Map 8-12 indentifies location of crashes involving fatalities in 2006. Although the data was not analyzed to determine specific location of fatalities, it is clear that fatalities have increased significantly on I-95 around I-295 east of I-95 in the City of Richmond.
Map 8-13 shows the total number of crashes in the region involving injuries in 2006 respectively.

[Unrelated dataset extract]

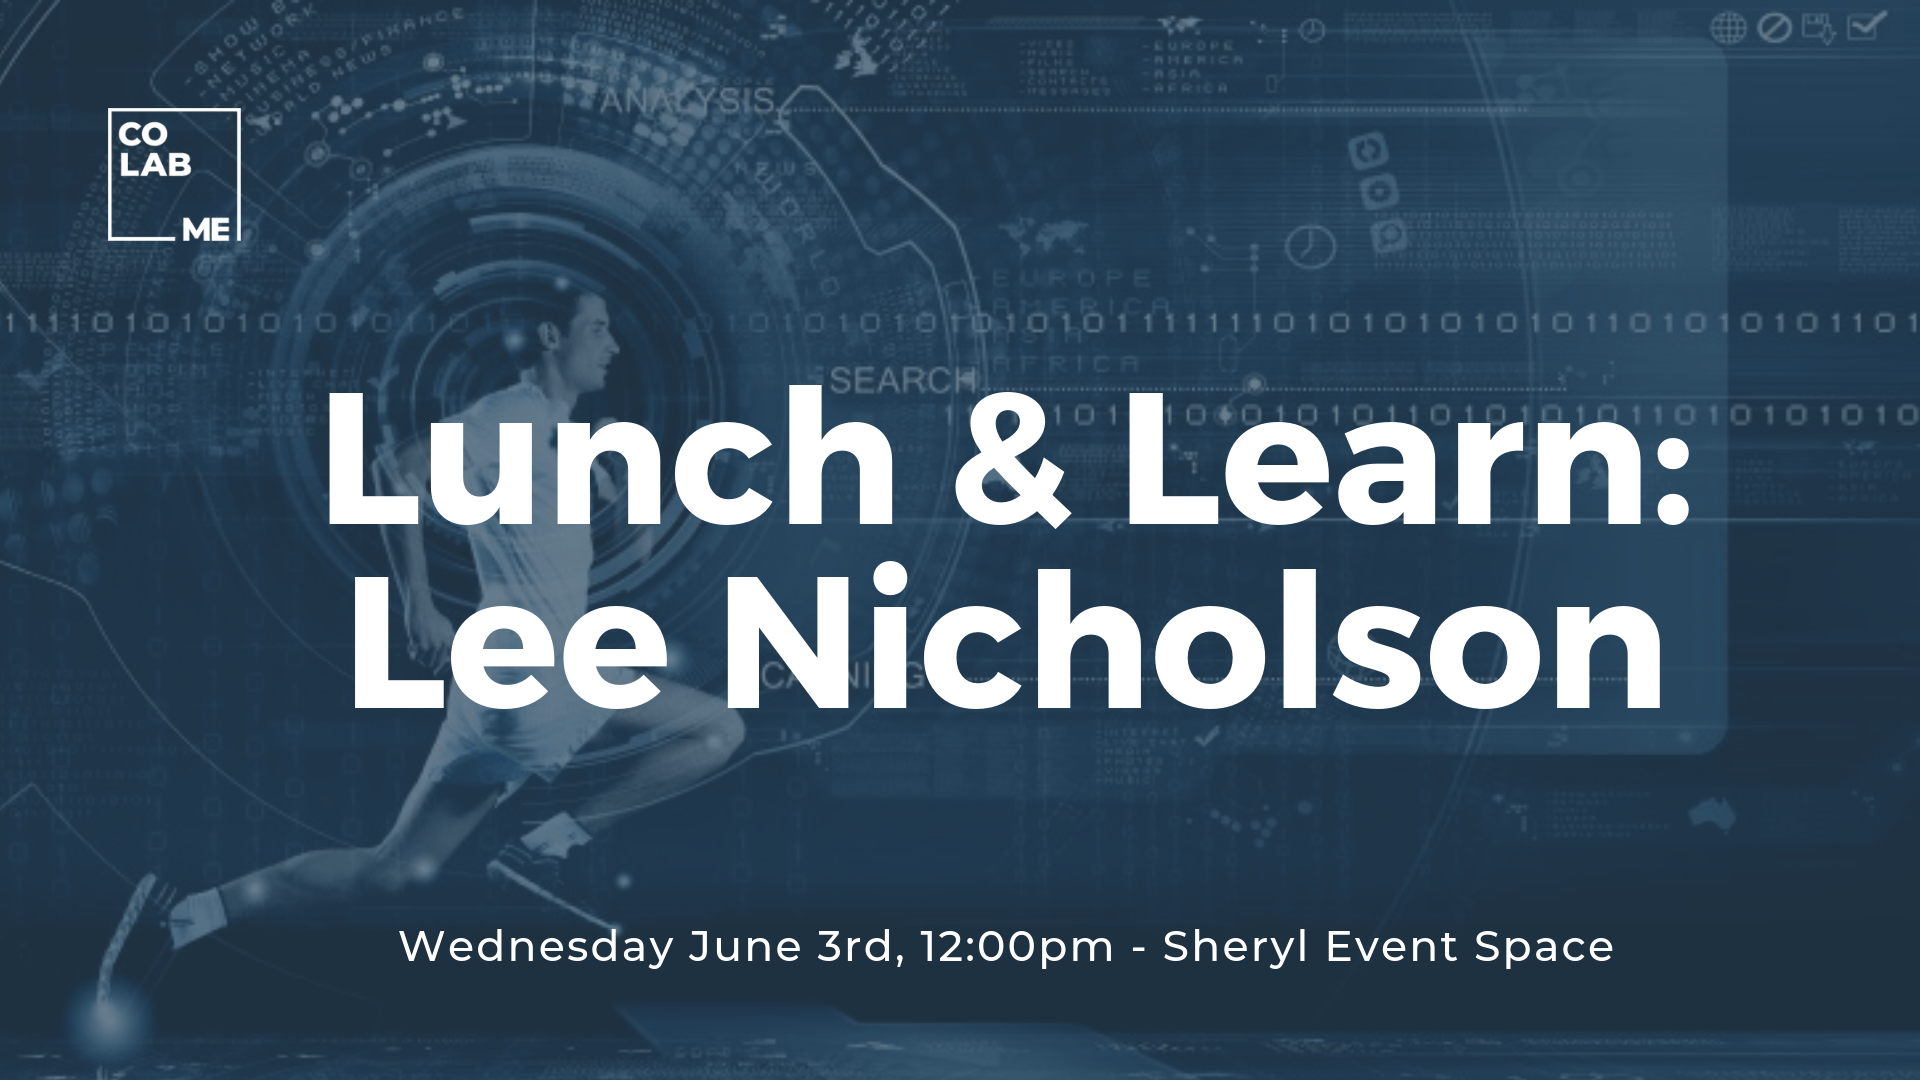 Lunch & Learn with Lee Nicholson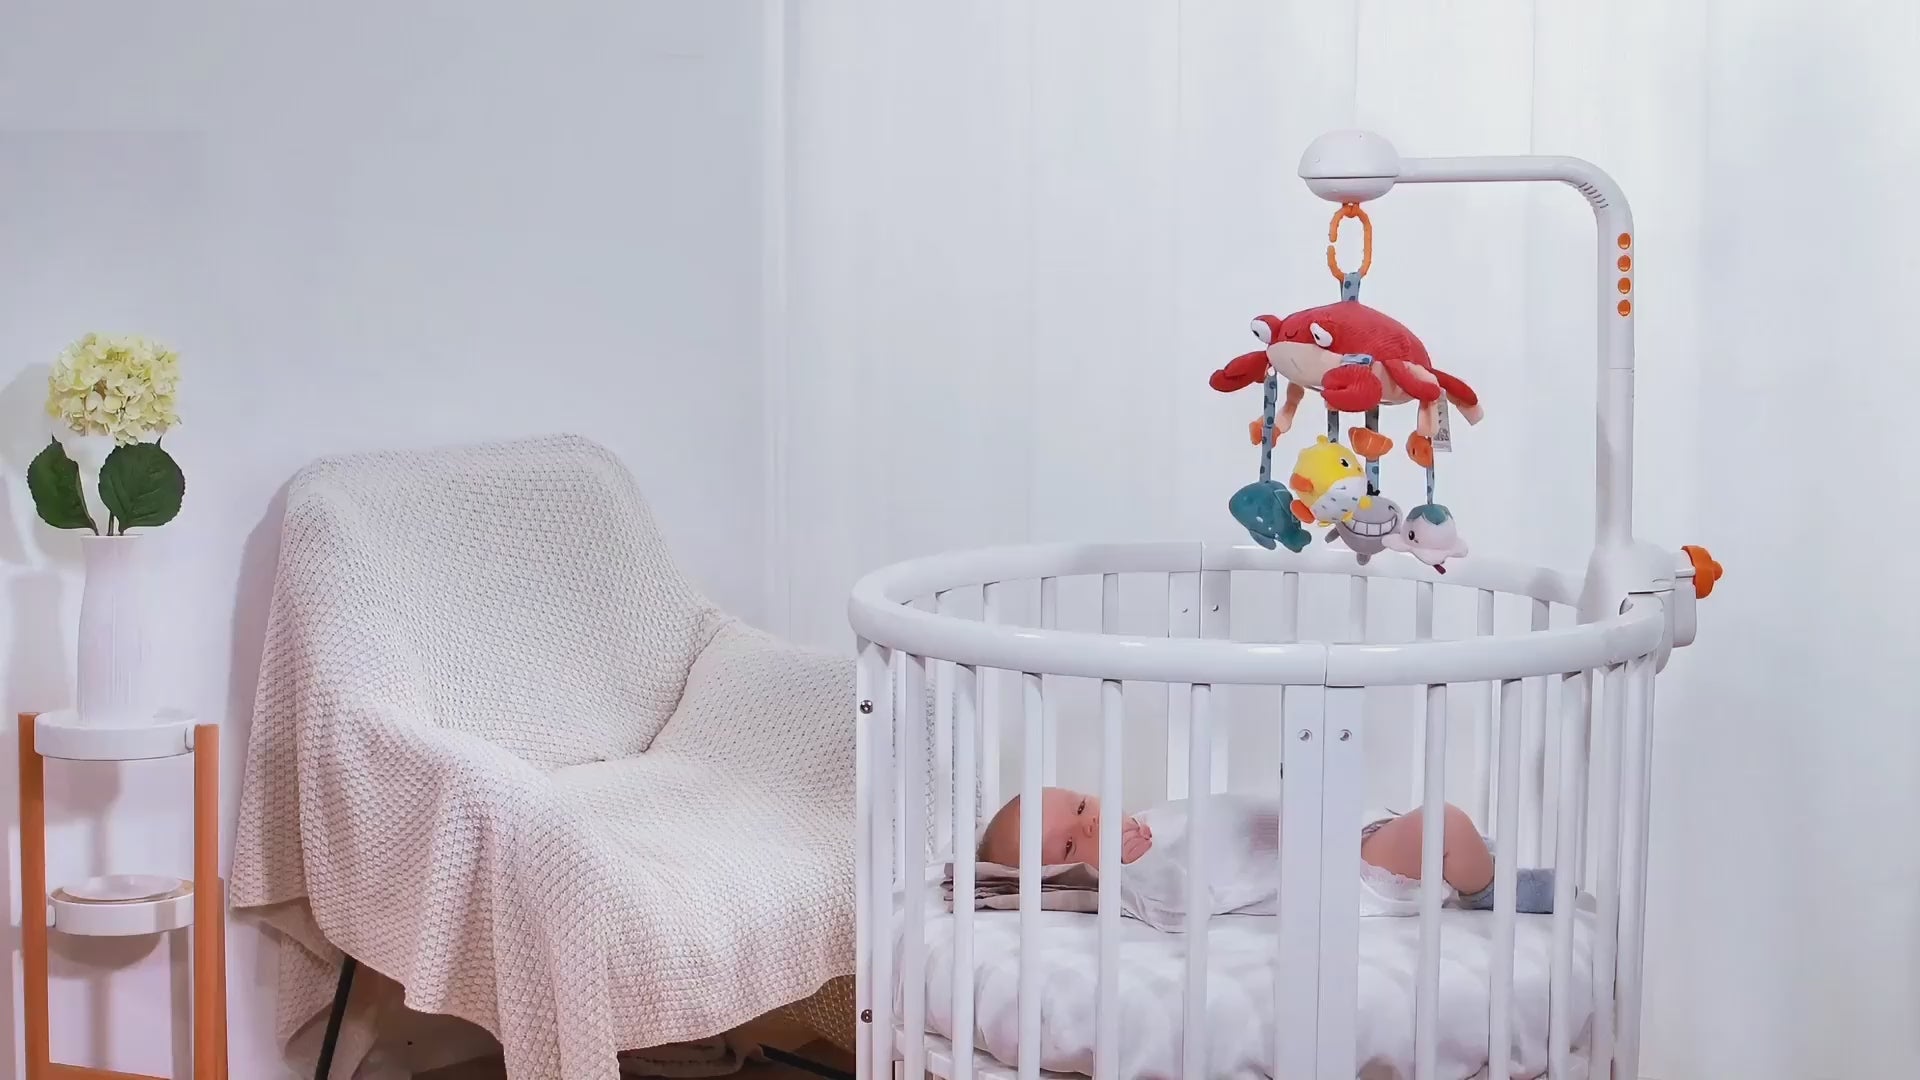 Baby-crib-mobile-during-lying-down-period

Using Technology to Manage Traffic Congestion
Up to this point, Chapter 8 has focused on evaluating the overall Richmond area transportation system and identifying where congestion currently exists along the region’s major travel routes. This section of the chapter seeks to identify the use of current technology – or Intelligent Transportation Systems – as an available solution to help solve congestion problems without many of the monetary and environmental costs associated with creating new or expanding existing roadways.
What is ITS?
ITS is an acronym that stands for Intelligent Transportation Systems. The basic goal of ITS programs across the country is the use of modern computer and communications technologies to aid in the management of our existing transportation systems. When integrated into the transportation system infrastructure, and in vehicles themselves, these technologies help monitor and manage traffic flow, reduce congestion, provide alternate routes to travelers, enhance productivity, and save lives, time, and money.
Intelligent transportation systems provide the tools for skilled transportation professionals to collect, analyze, and archive data about the performance of the system during the hours of peak use. Having this data enhances traffic operators' ability to respond to incidents, adverse weather, or other capacity constricting events.
Examples of intelligent transportations systems include:
Advanced Traveler Information Systems deliver data directly to travelers, empowering them to make better choices about alternate routes or modes of transportation. When archived, this historical data provides transportation planners with accurate travel pattern information.
Advanced Traffic Management Systems employ a variety of relatively inexpensive detectors, cameras, and communication systems to monitor traffic, optimize signal timings on major arterials, and control the flow of traffic.
Incident Management Systems, for their part, provide traffic operators with the tools to allow quick and efficient response to accidents, hazardous spills, and other emergencies.
Redundant communications systems link data collection points, transportation operations centers, and travel information portals into an integrated network that can be operated efficiently and "intelligently.”